A SATS algorithm for jointly identifying multiple differentially expressed gene sets.

机构信息

Department of Mathematics, Myongji University, Kyonggi 449-728, Korea.

出版信息

Stat Med. 2011 Jul 20;30(16):2028-39. doi: 10.1002/sim.4235. Epub 2011 Apr 7.

DOI:10.1002/sim.4235
PMID:21472762
Abstract

A gene set in DNA microarrays is a group of genes that share a common biological function, chromosomal location, or regulation.
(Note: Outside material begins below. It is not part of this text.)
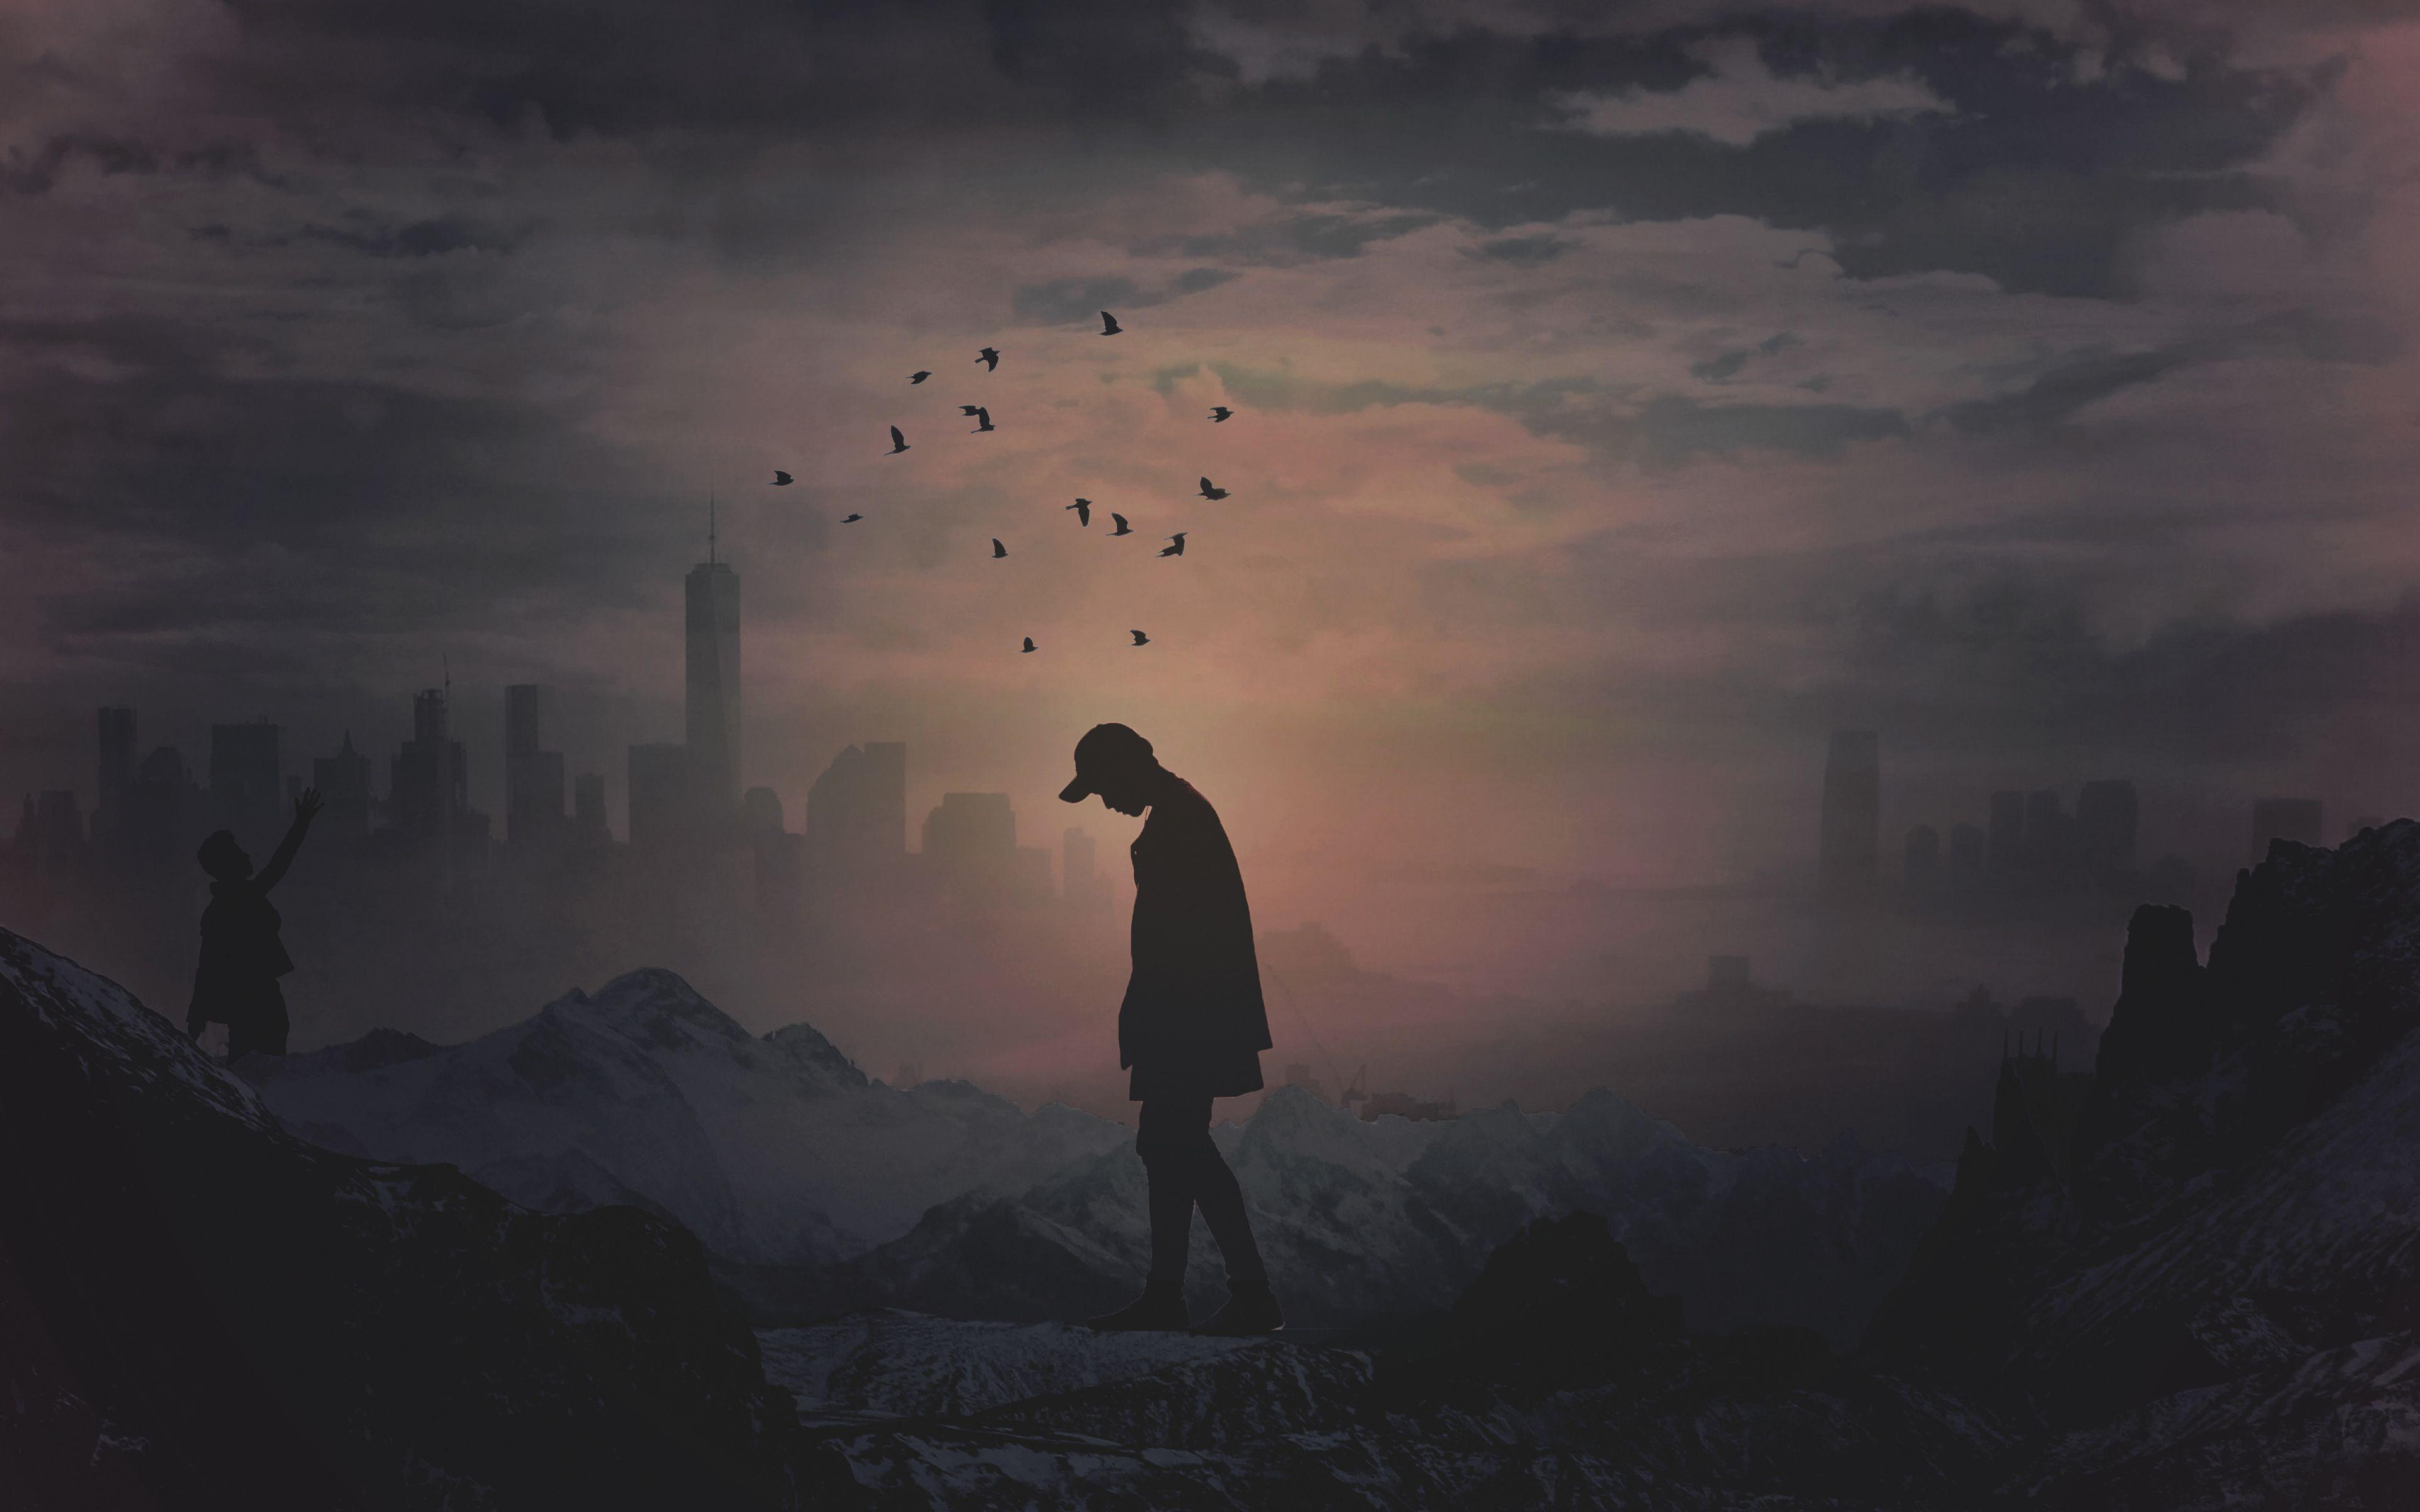 Alone_Silhouette_4k [3840 x 2400] in 2020 Cool desktop

This paper discusses the problem of jointly identifying multiple differentially expressed gene sets associated with a phenotype of interest from many hundreds of pre-defined gene sets in a microarray experiment. We propose a null hypothesis that any group of gene sets from the experiment is not differentially expressed. The hypothesis is applicable to a real microarray experiment, where only a fraction of gene sets examined in the experiment are differentially expressed. To test this hypothesis, we provide an algorithm called set association for tail strength (SATS). SATS assigns the tail-strength statistic (TS) to each gene set to measure differential expression that is related to the phenotype of interest, combines the statistics into an overall association measure of multiple gene sets by utilizing a set-association method, and then calculates the significance of the overall measure by conducting sample permutations. SATS performs a simultaneous significance test on several gene sets, while controlling the Type I error rate. As multiple gene sets work together toward the significance, SATS can capture correlations across gene sets that should be considered in assessing joint statistical significance.

摘要

在 DNA 微阵列中,基因集是一组具有共同生物学功能、染色体位置或调控的基因。本文讨论了从微阵列实验中数百个预先定义的基因集中联合识别与感兴趣表型相关的多个差异表达基因集的问题。我们提出了一个零假设,即实验中的任何一组基因集都没有差异表达。该假设适用于真实的微阵列实验,其中实验中只有一部分基因集存在差异表达。为了检验这个假设,我们提出了一种叫做集合关联的尾部强度检验(SATS)算法。SATS 为每个基因集分配尾部强度统计量(TS),以测量与感兴趣表型相关的差异表达,通过使用集合关联方法将统计量组合成多个基因集的总体关联度量,然后通过样本置换计算总体度量的显著性。SATS 对多个基因集进行同时的显著性检验,同时控制第一类错误率。由于多个基因集共同作用以达到显著性,SATS 可以捕获基因集之间的相关性,这些相关性在评估联合统计显著性时应予以考虑。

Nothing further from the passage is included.